Aim of the task: Please transcribe the listing that follows exactly; images are to be excluded.

Data excerpt:
+-------+

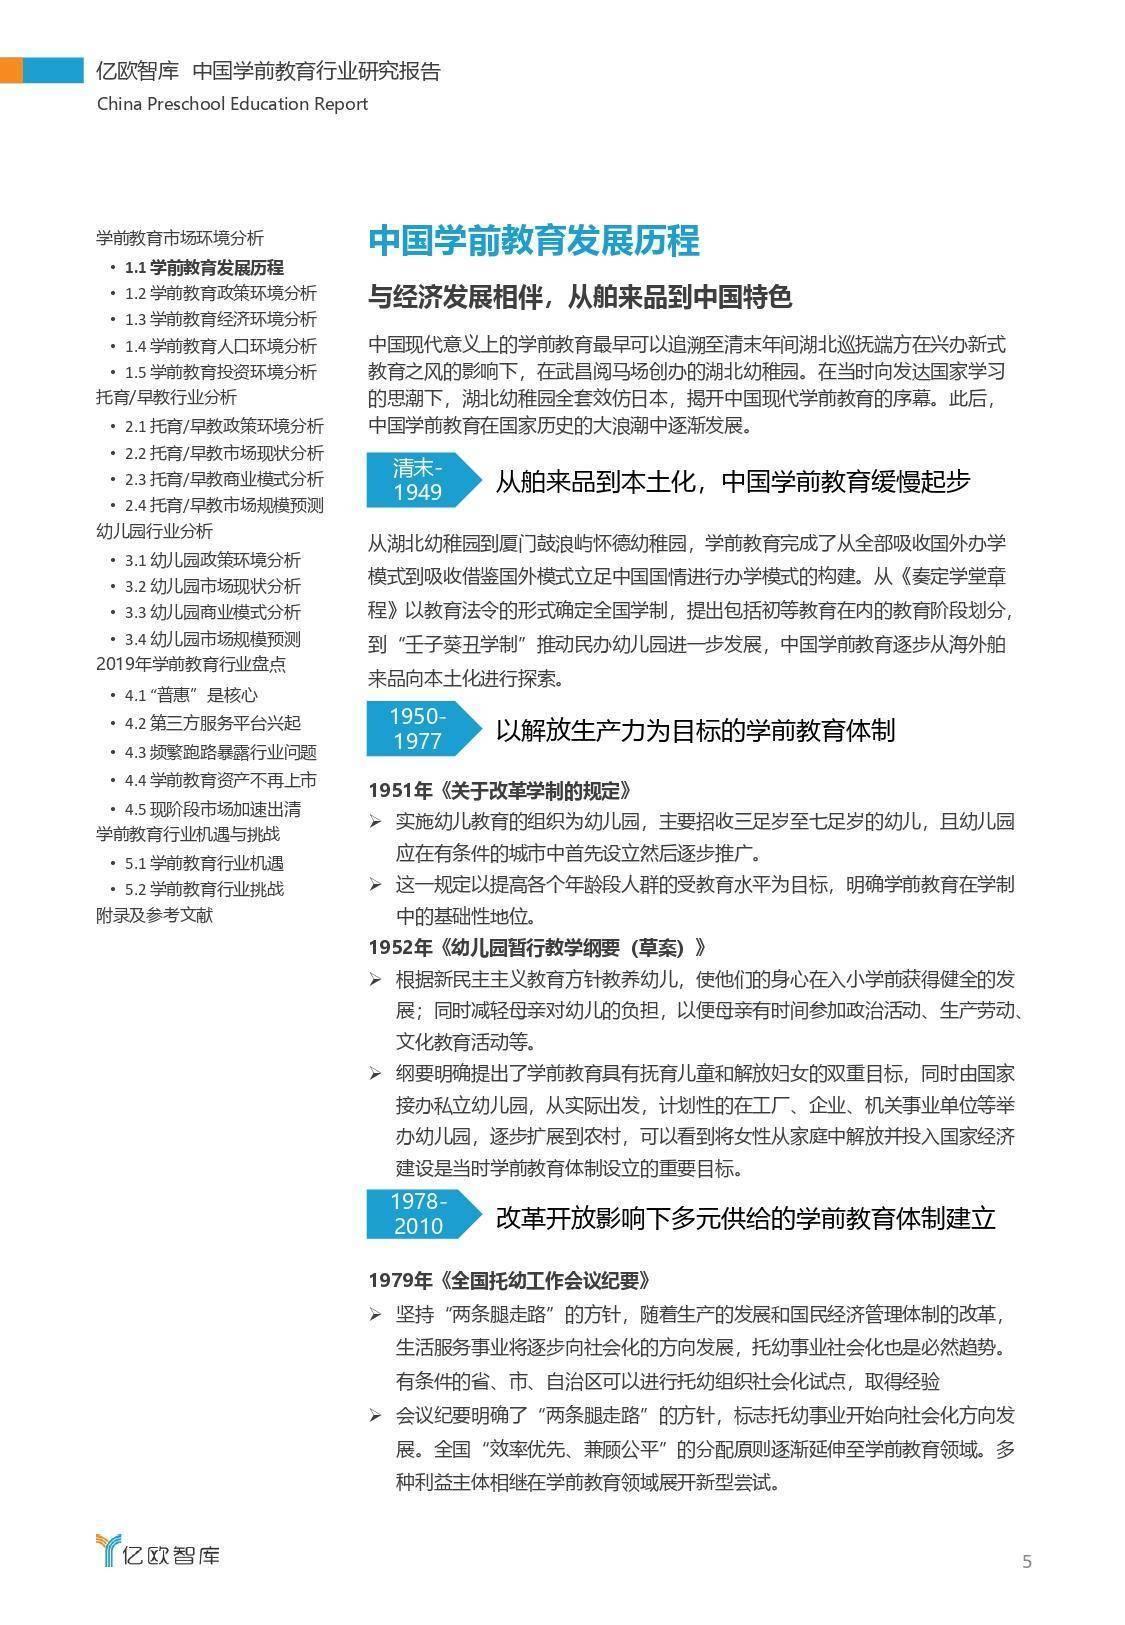 亿欧智库:中国学前教育行业研究报告
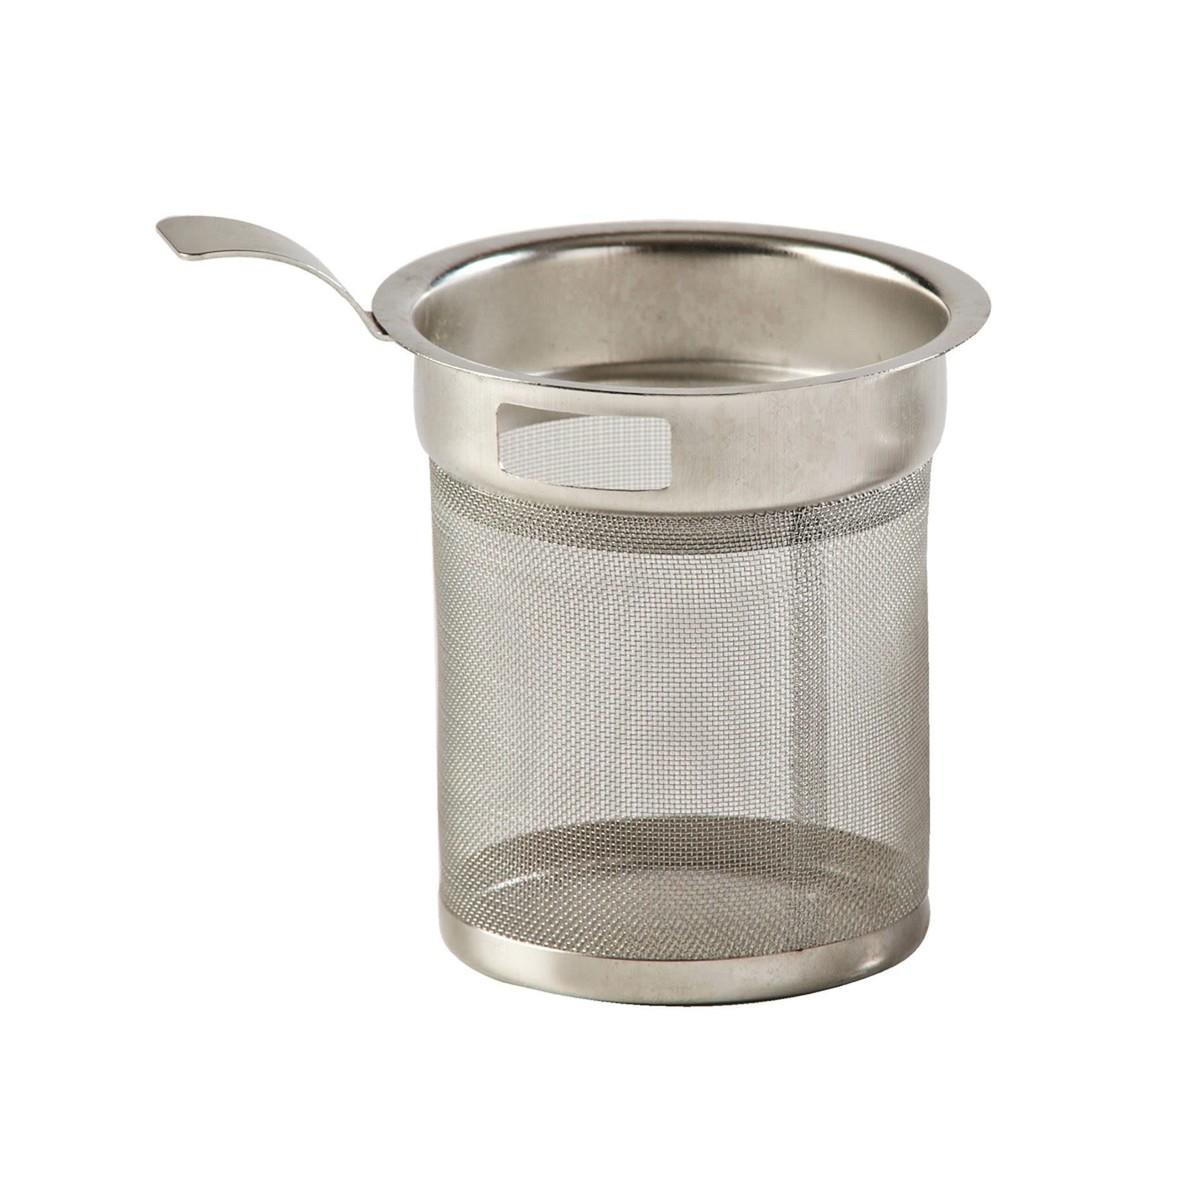 Tea Infuser, 6-Cup
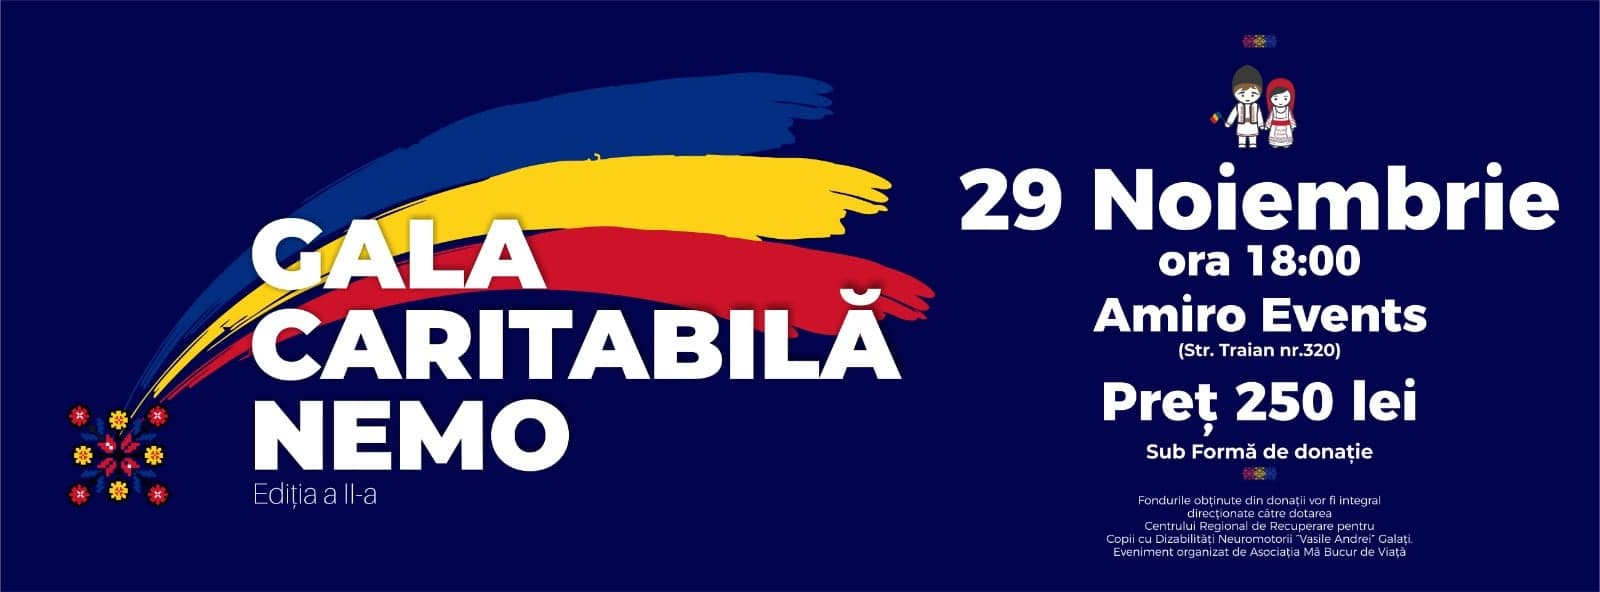 Asociatia Mă Bucur De Viață organizează Gala Caritabilă NEMO ediția a II a
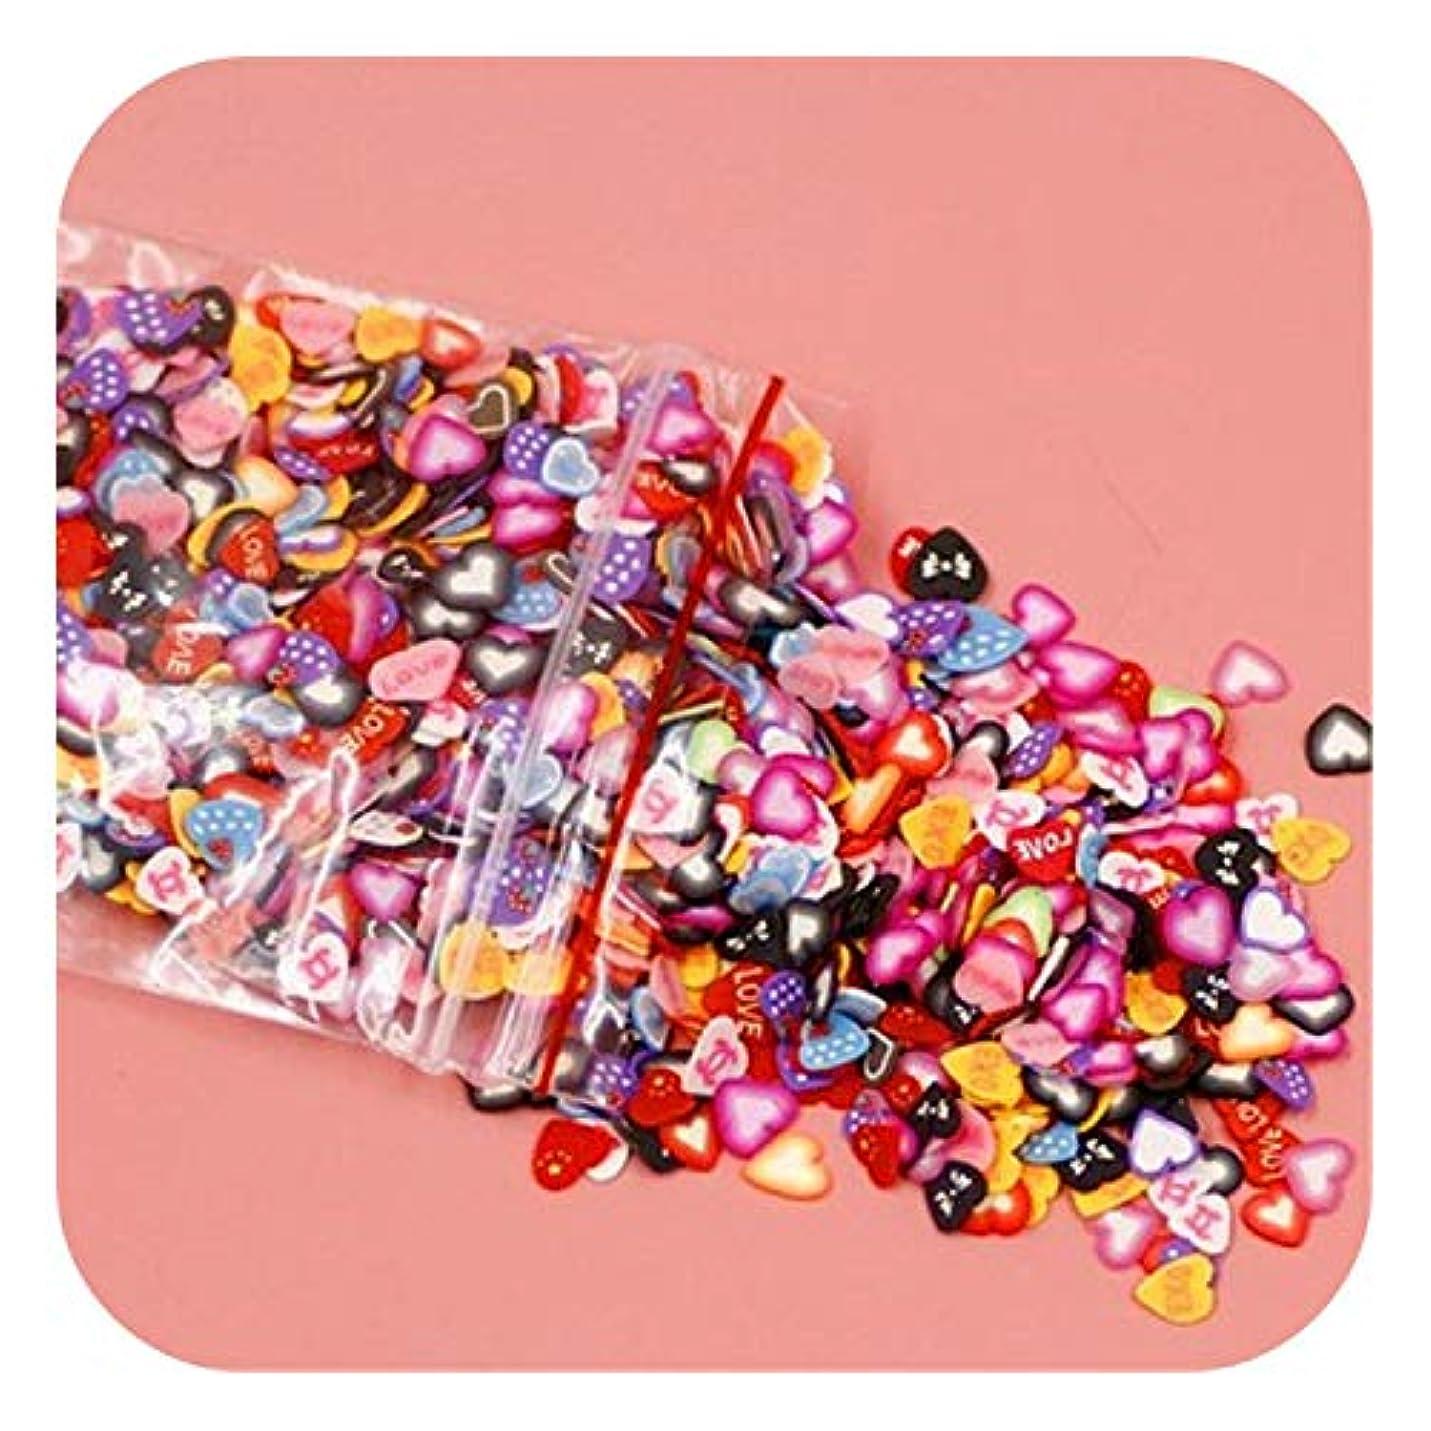 パースブラックボロウ賢明な縫うプラスチシン追加ソフトセラミックフルーツピース1000個混合フルーツバーネイルジュエリーパッチDiy用品,11

+-------+

Answer to this exercise:
 亿欧智库:中国学前教育行业研究报告
 Tea Infuser, 6-Cup
 Asociatia Mă Bucur De Viață organizează Gala Caritabilă NEMO ediția a II a
 パースブラックボロウ賢明な縫うプラスチシン追加ソフトセラミックフルーツピース1000個混合フルーツバーネイルジュエリーパッチDiy用品,11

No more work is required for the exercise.